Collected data
——
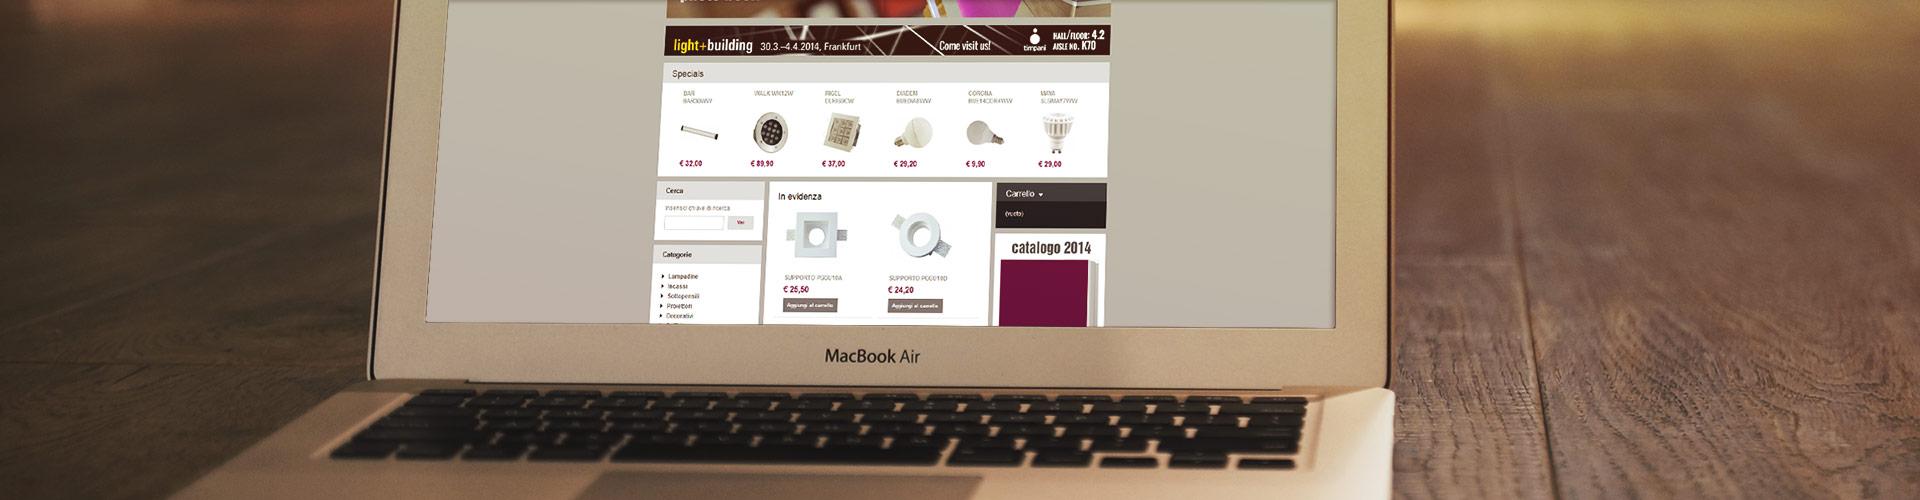 Portali E-Commerce
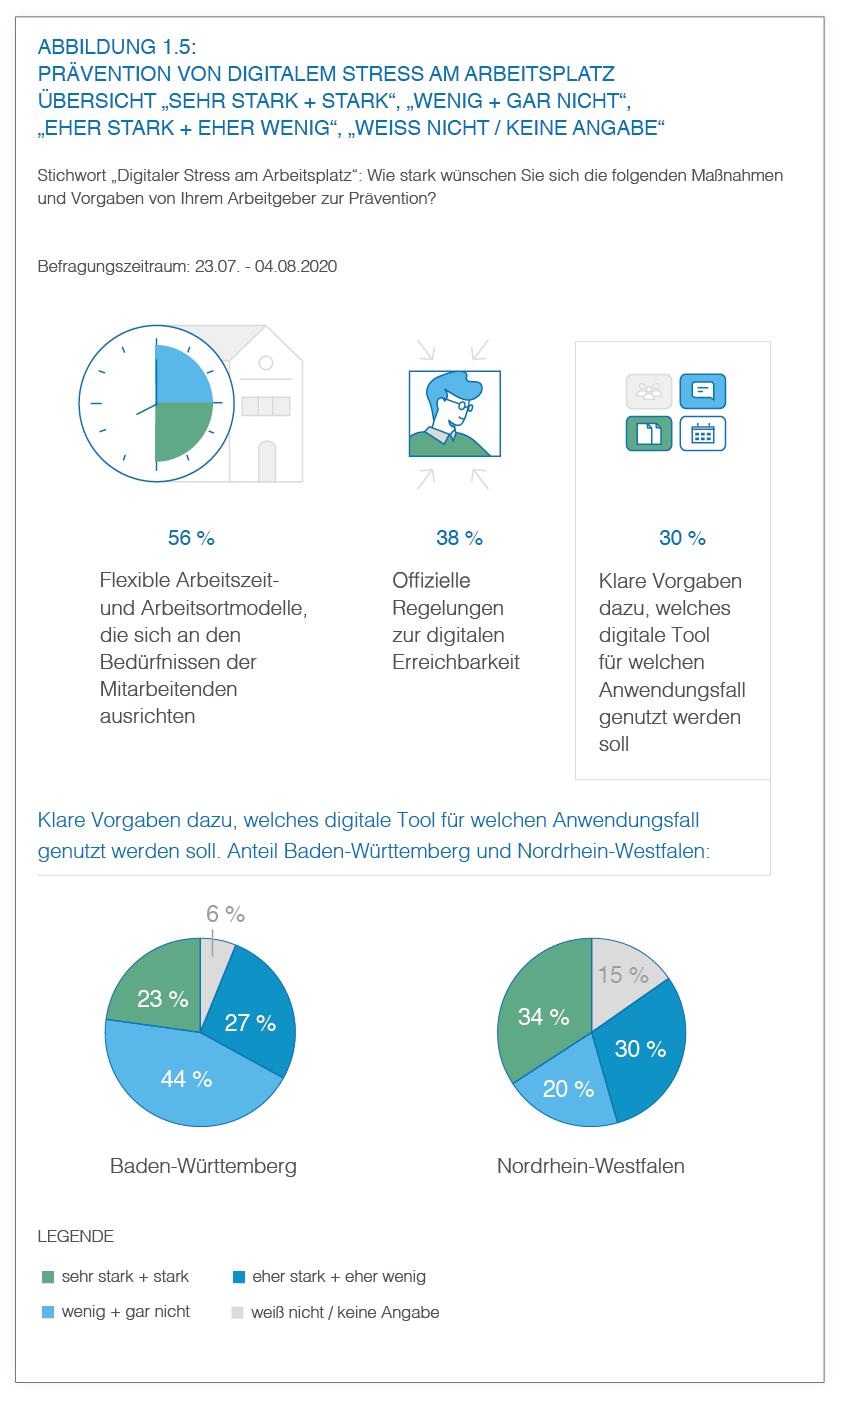 Abbildung 1.5 - Prävention von digitalem Stress am Arbeitsplatz | HIRSCHTEC
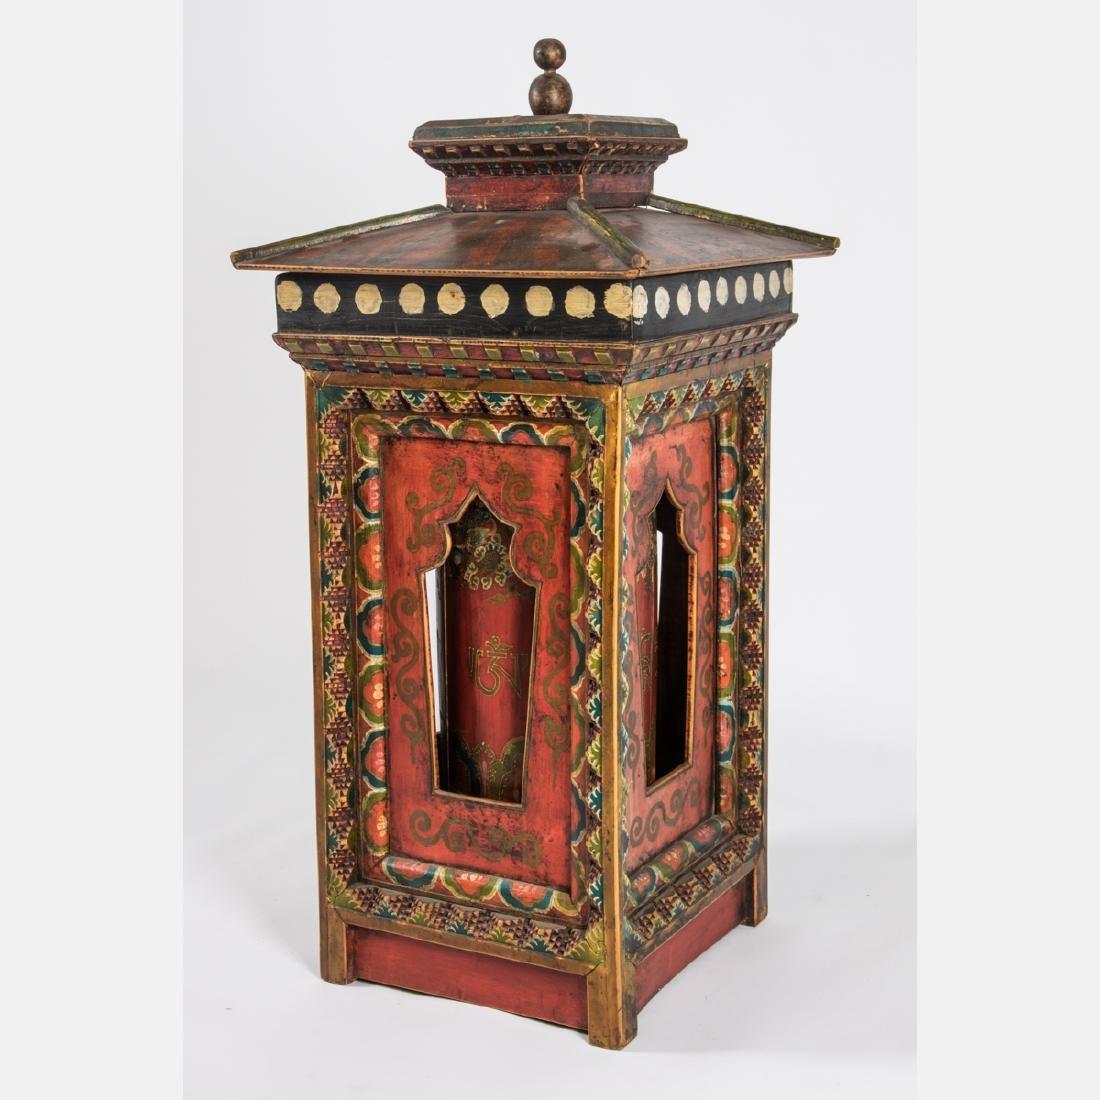 A Tibetan Polychrome Painted Wood Prayer Wheel,
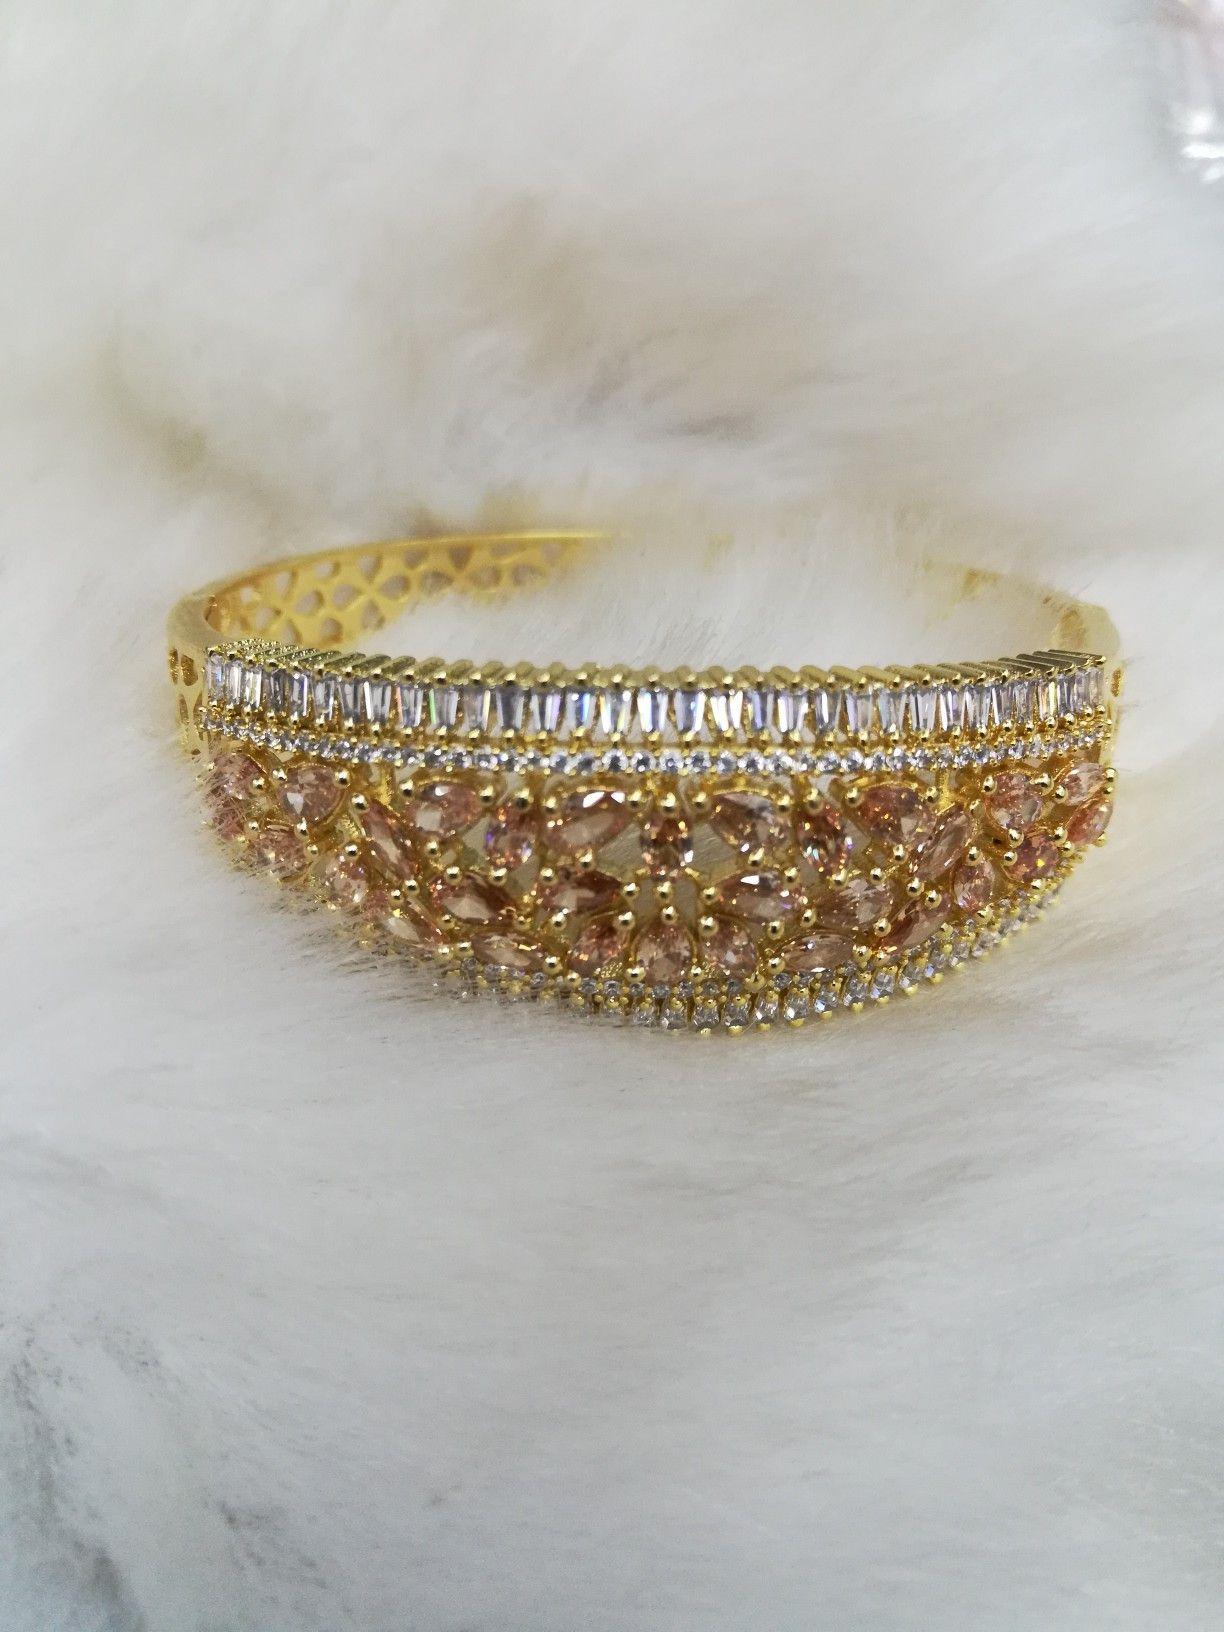 Champagne Bracelet Designs Jewelry Jewellery Necklace Earrings Fashionjewelry Women Womensfashion Abdesigns Abdesignindia
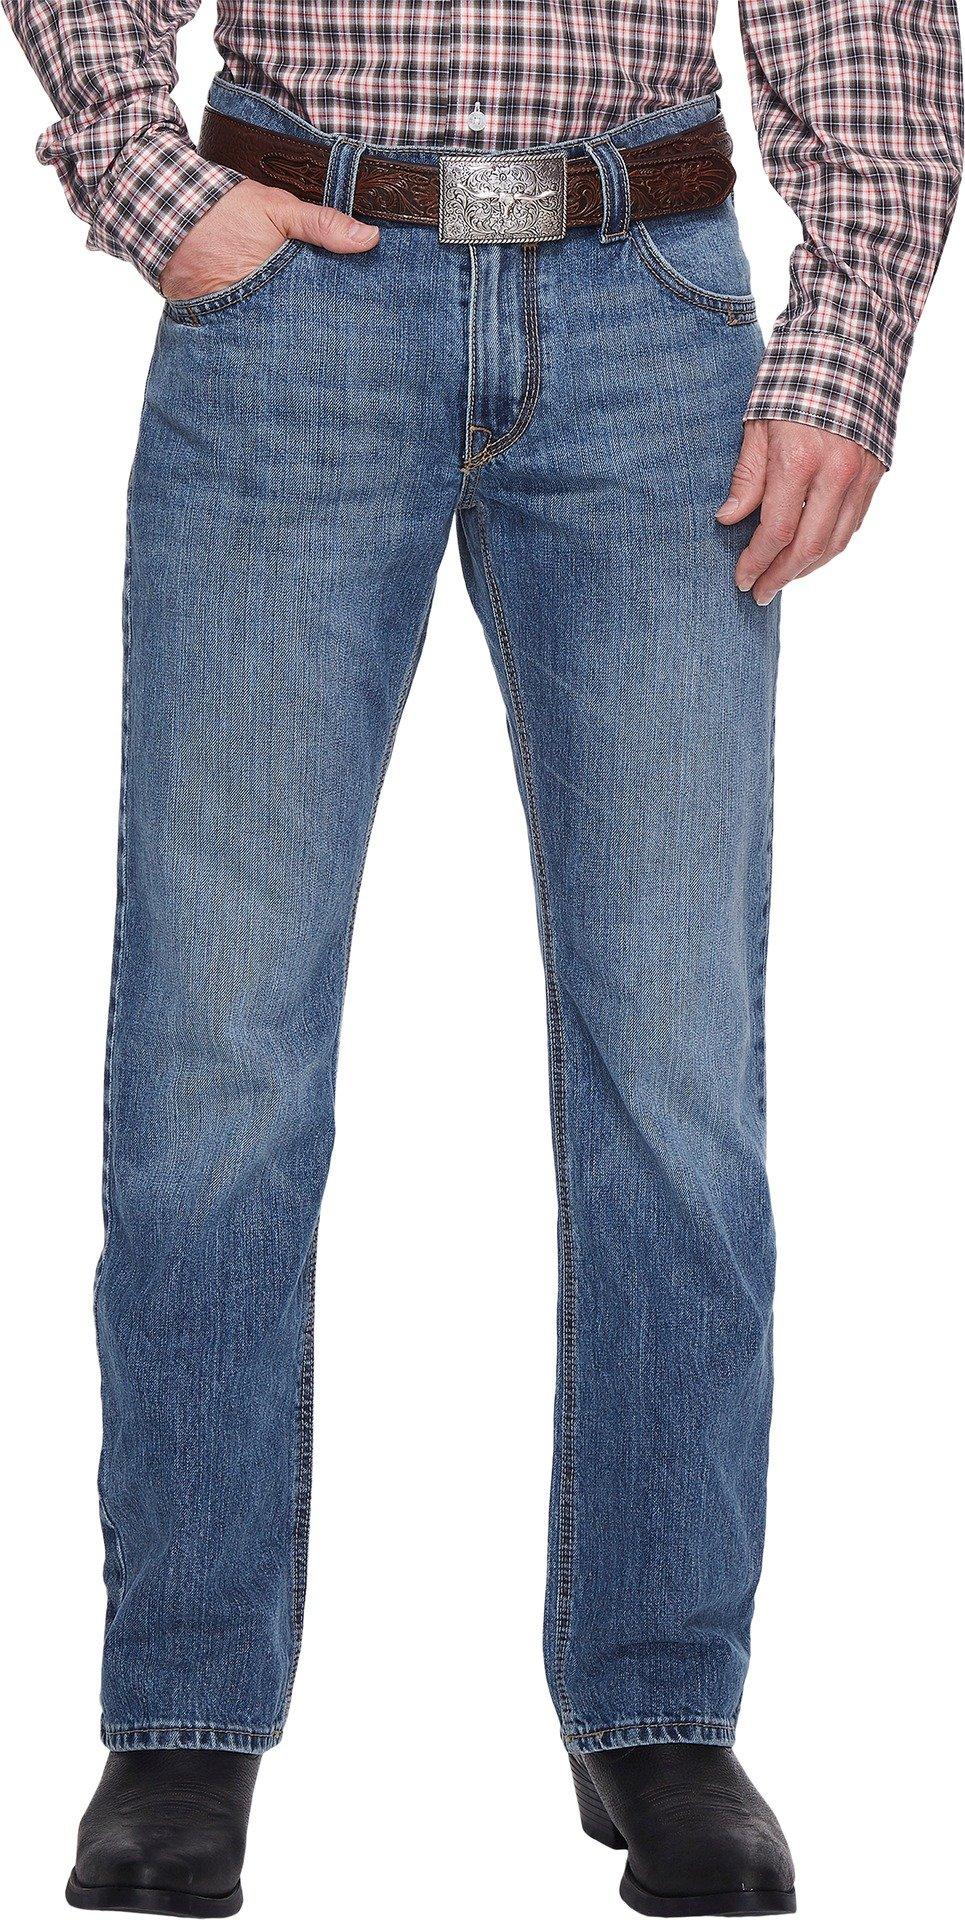 Cinch Men's Carter 2.0 Light Stonewash Relaxed Fit Jeans Boot Cut Indigo 40W x 34L
——
Work order
Return all the records above exactly, pictures omitted.

Solution
 Portali E-Commerce
 Abbildung 1.5 - Prävention von digitalem Stress am Arbeitsplatz | HIRSCHTEC
 A Tibetan Polychrome Painted Wood Prayer Wheel,
 Champagne Bracelet Designs Jewelry Jewellery Necklace Earrings Fashionjewelry Women Womensfashion Abdesigns Abdesignindia
 Cinch Men's Carter 2.0 Light Stonewash Relaxed Fit Jeans Boot Cut Indigo 40W x 34L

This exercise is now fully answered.